If visible separators are used to encode the Data Table, NULL values are encoded as "^" characters.

Transfer Encoding

Field values are transfer-encoded to remove characters used by the Data Table encoding format and AggreGate Communication Protocol. These characters are substituted with special patterns according to the following table:

Character

Replaced by

0x25 (%)

%%

0x02 (STX)

%^

0x0D (CR)

%$

0x17 (ETB)

%/

0x1C (FS)

%<

0x1D (GS)

%>

0x1E (RS)

%=

Note that the patterns in the Replaced by column are literal strings -- they're just what you see above.

Encoding of Data Records

Each data record is encoded into a string according to the following format:

[<I=record_ID>]<field_value><field_value>…

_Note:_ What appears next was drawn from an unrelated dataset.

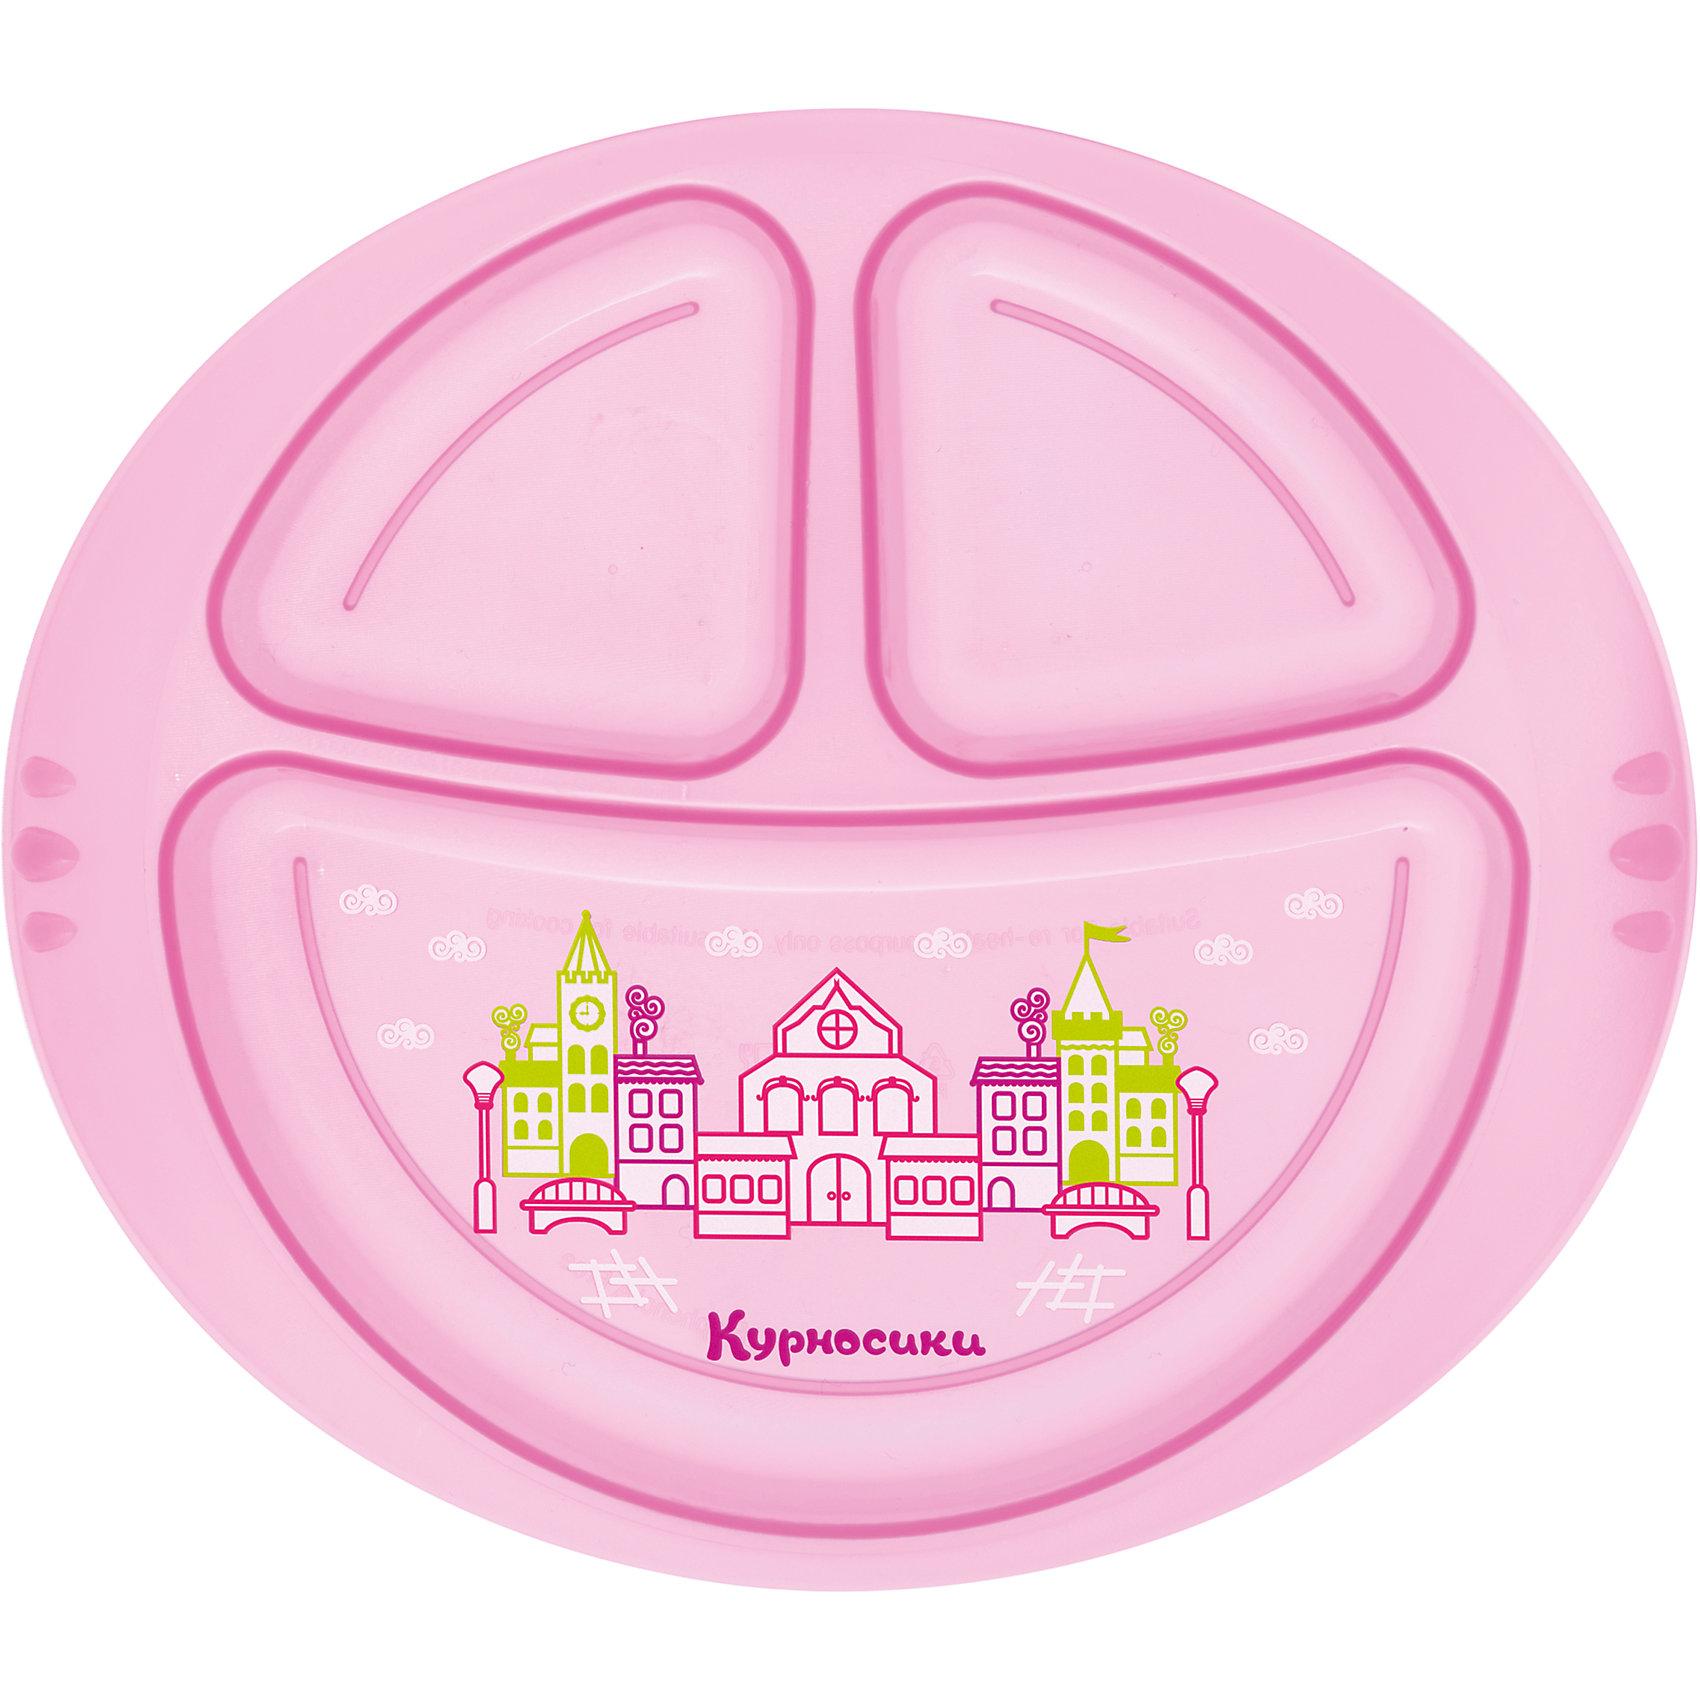 Тарелочка детская трехсекционная, Kurnosiki, розовыйХарактеристики:<br><br>• Предназначение: для кормления<br>• Материал: пластик<br>• Пол: для девочки<br>• Цвет: розовый<br>• Тематика рисунка: сказочный город<br>• Предусмотрено три секции<br>• Можно использовать как для холодных, так и для горячих блюд<br>• Можно использовать для СВЧ<br>• Вес: 90 г<br>• Параметры (Д*Ш*В): 25*3*19 см <br>• Особенности ухода: разрешается мыть в посудомоечной машине<br><br>Тарелочка детская трехсекционная, Kurnosiki, зеленый выполнена из безопасного и ударопрочного пластика, устойчивого к появлению царапин и сколов. Три секции позволяют использовать тарелочку для различных блюд одновременно. Секции глубокие с высокими перегородками, что будет препятствовать смешиванию различных блюд.<br><br>Дно самой большой секции оформлено сюжетной картинкой с изображением сказочного города. Изделие выполнено в ярком цвете, имеет компактный размер и легкий вес, поэтому его удобно брать с собой в длительные поездки, на пикники или в путешествия. <br><br>Тарелочку детскую трехсекционную, Kurnosiki, зеленый можно купить в нашем интернет-магазине.<br><br>Ширина мм: 210<br>Глубина мм: 30<br>Высота мм: 230<br>Вес г: 106<br>Возраст от месяцев: 4<br>Возраст до месяцев: 36<br>Пол: Женский<br>Возраст: Детский<br>SKU: 5428728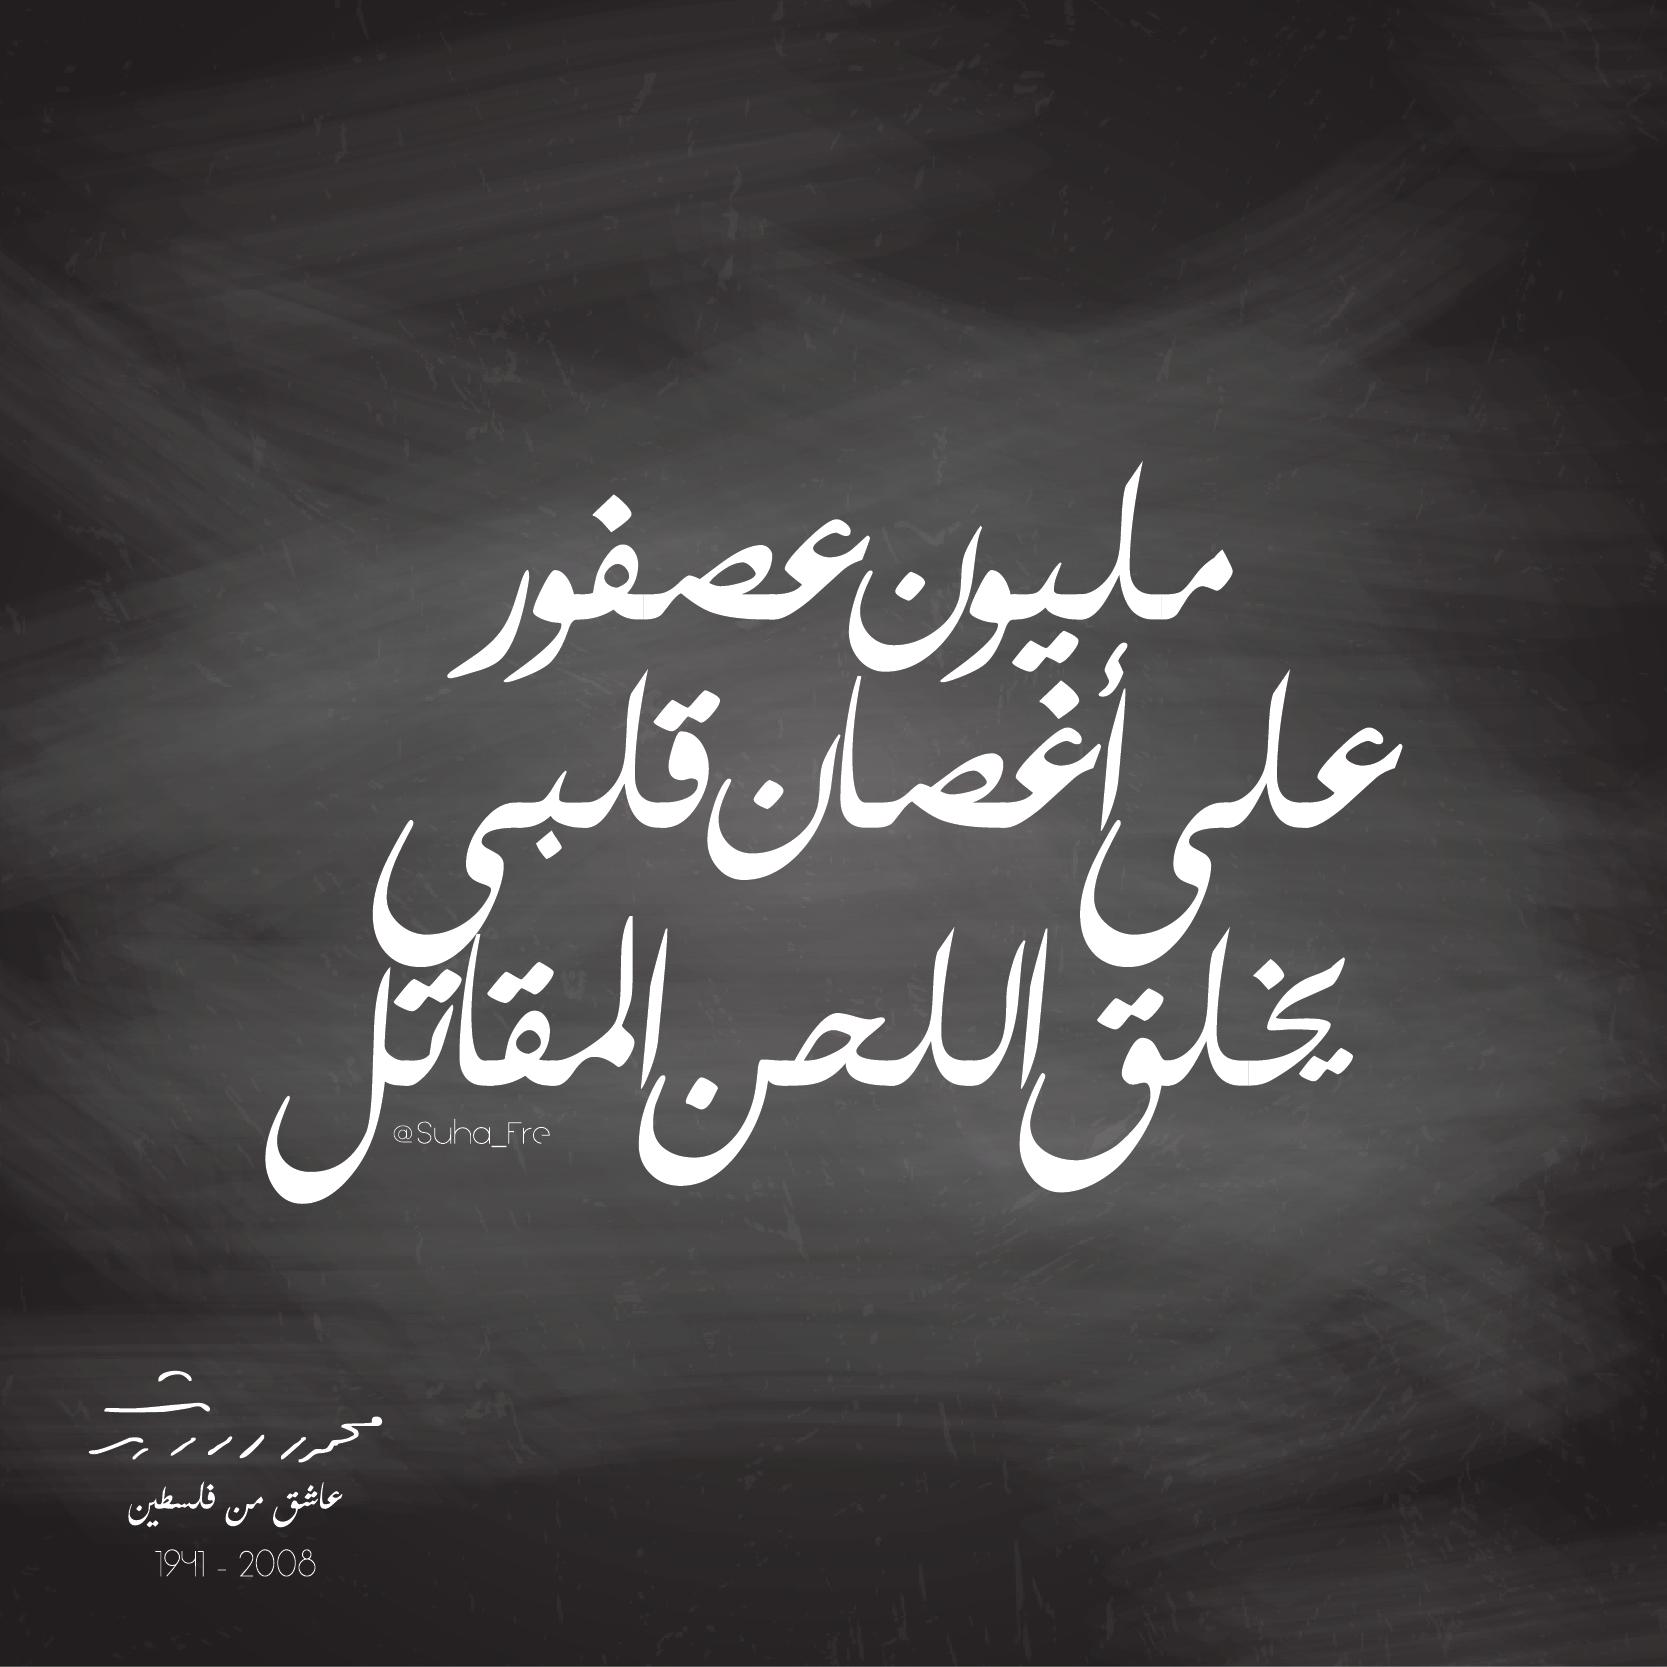 ديوان عاشق من فلسطين محمود درويش Arabic Calligraphy

Elements without names are field values. Field values are encoded one by one, in the same order as they appear in the table format descriptor.

Element Name

Element Value

I

Record ID (Long number)

String Encoding Modes

Data Tables may be encoded in two modes:

  • Using visible separators
  • Using invisible separators

Three special characters are used as separators for encoding:

Visible Separator

Invisible Separator (character code)

<

0x1C

>

0x1D

=

0x1E

In this article all examples use visible separators. The only limitation when encoding a table using visible separators is that its different elements, when they are encoded to strings, must not contain these separators.